* THE PROBLEM *
What you return must be the full listing, word for word, with no images in it.

* DATA BELOW *
****************

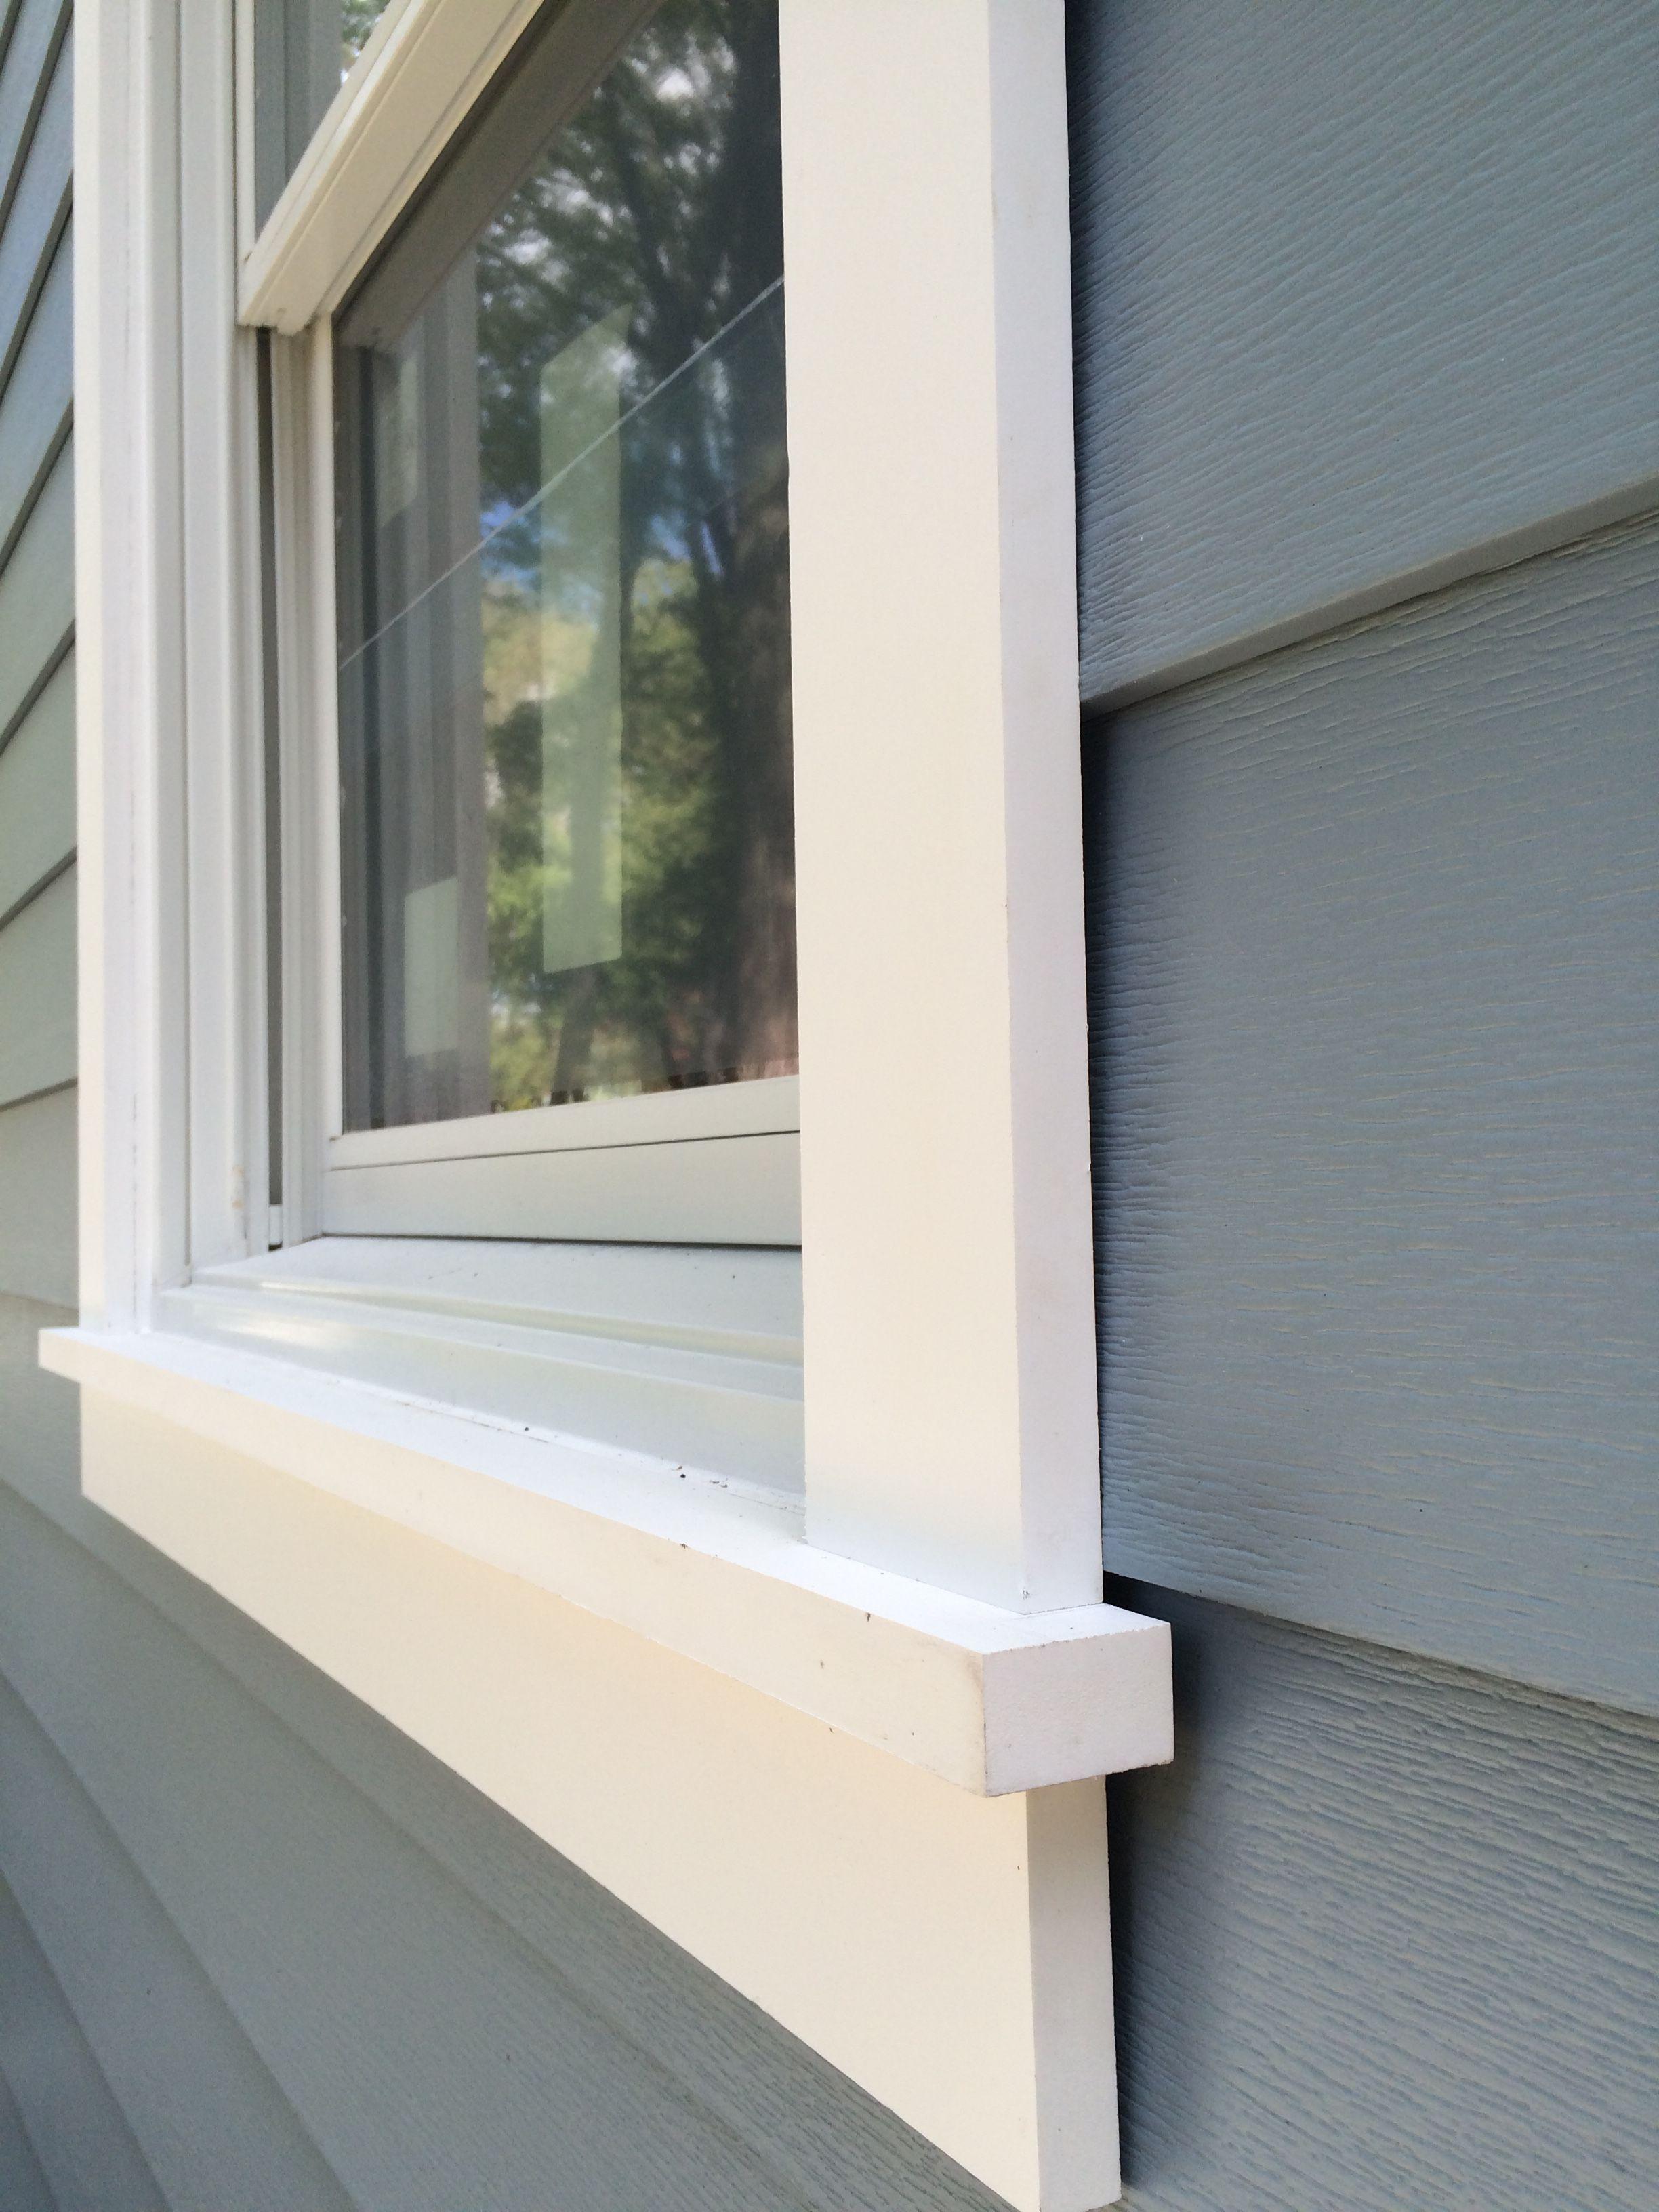 Steps Lighting Flowers Porch 973 795 1627 Vinyl Siding Install Vinyl Siding Window Trim Exterior Outdoor Window Trim House Paint Exterior
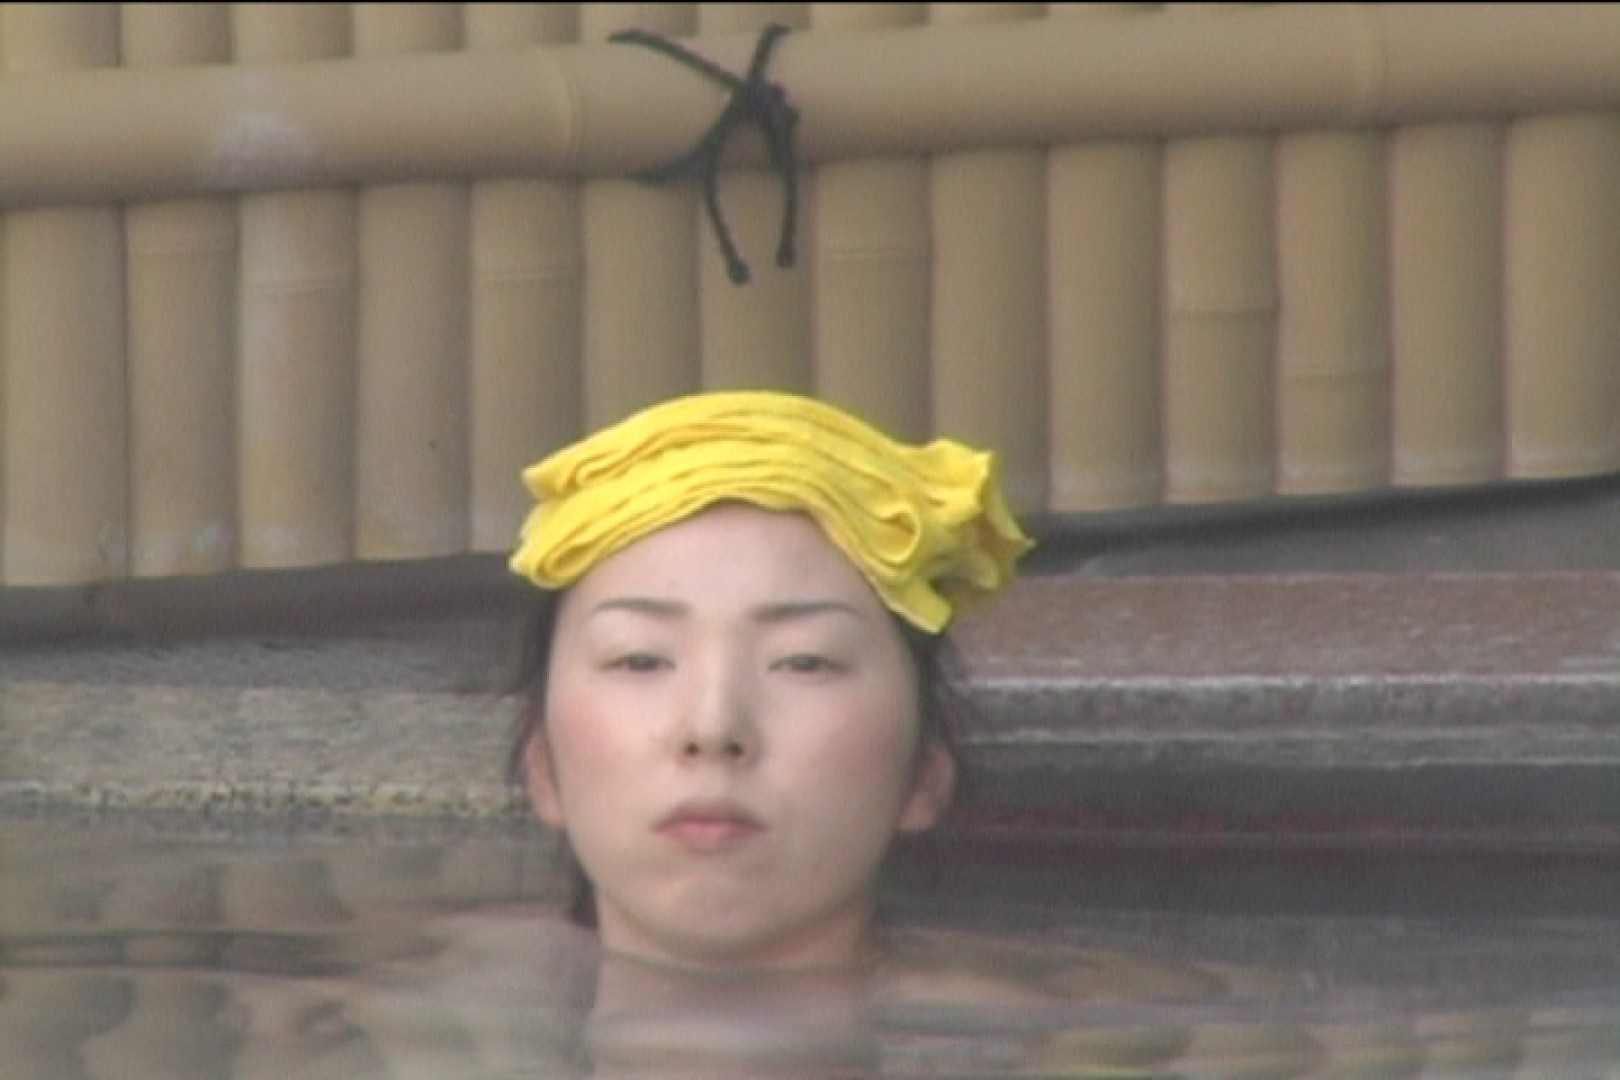 Aquaな露天風呂Vol.529 盗撮シリーズ | 露天風呂編  106PIX 15
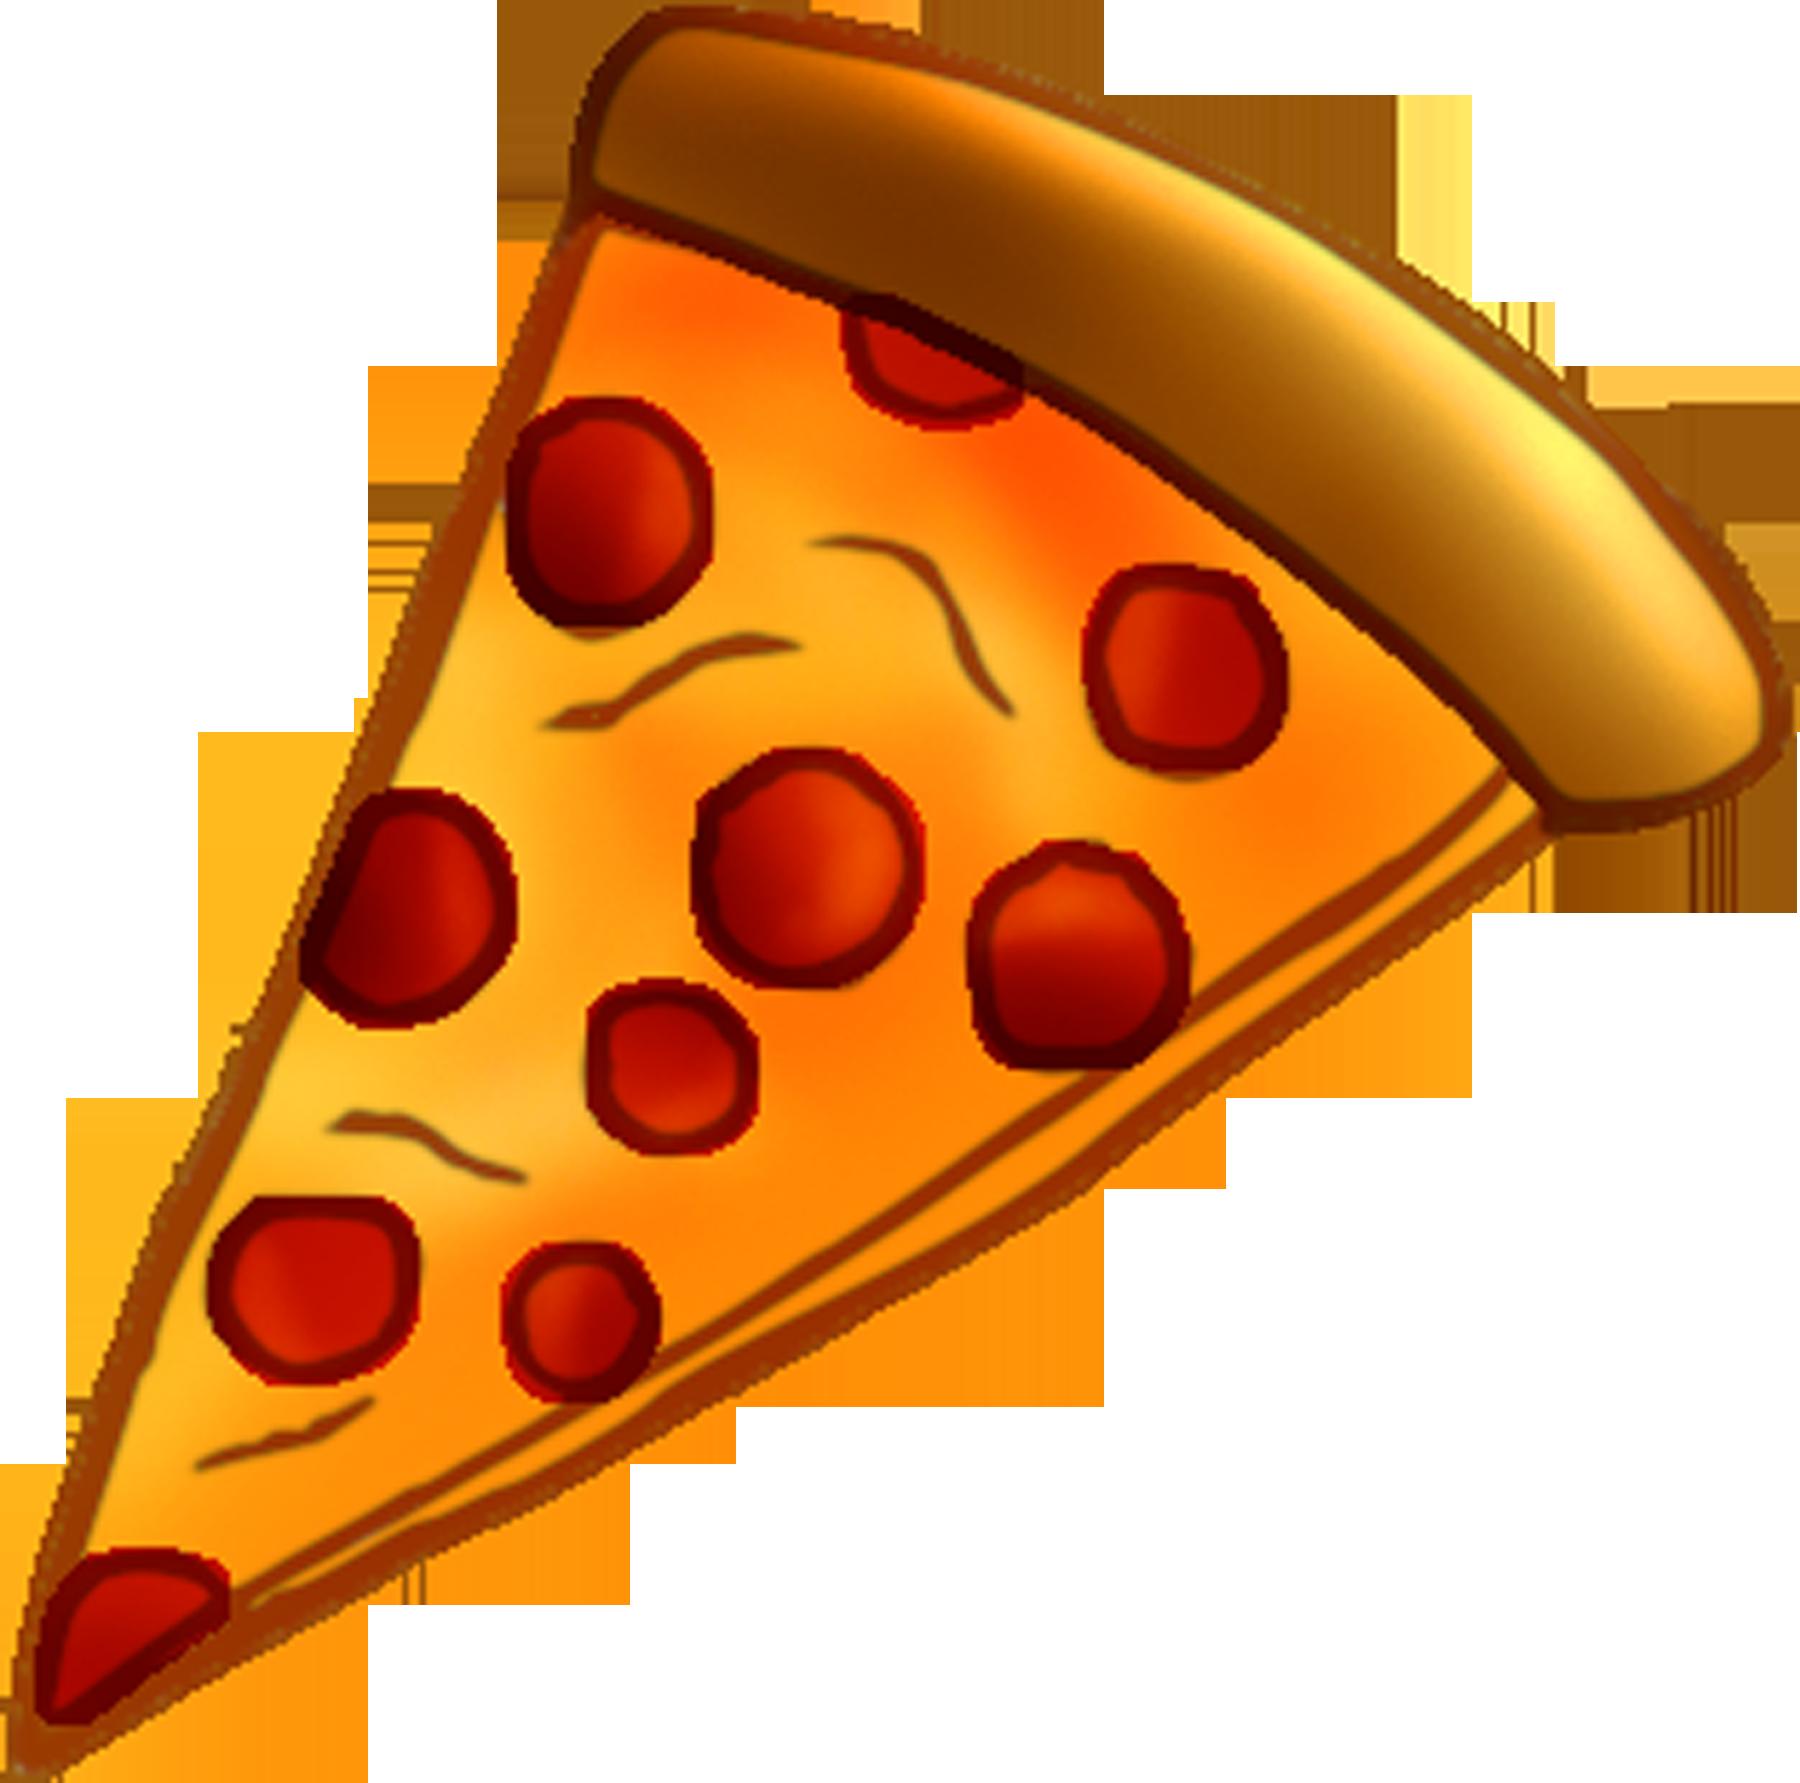 1800x1783 Clip Art Of Pizza Many Interesting Cliparts

****************

* RESPONSE BOX *
 Steps Lighting Flowers Porch 973 795 1627 Vinyl Siding Install Vinyl Siding Window Trim Exterior Outdoor Window Trim House Paint Exterior
 Aquaな露天風呂Vol.529 盗撮シリーズ | 露天風呂編  106PIX 15
 1800x1783 Clip Art Of Pizza Many Interesting Cliparts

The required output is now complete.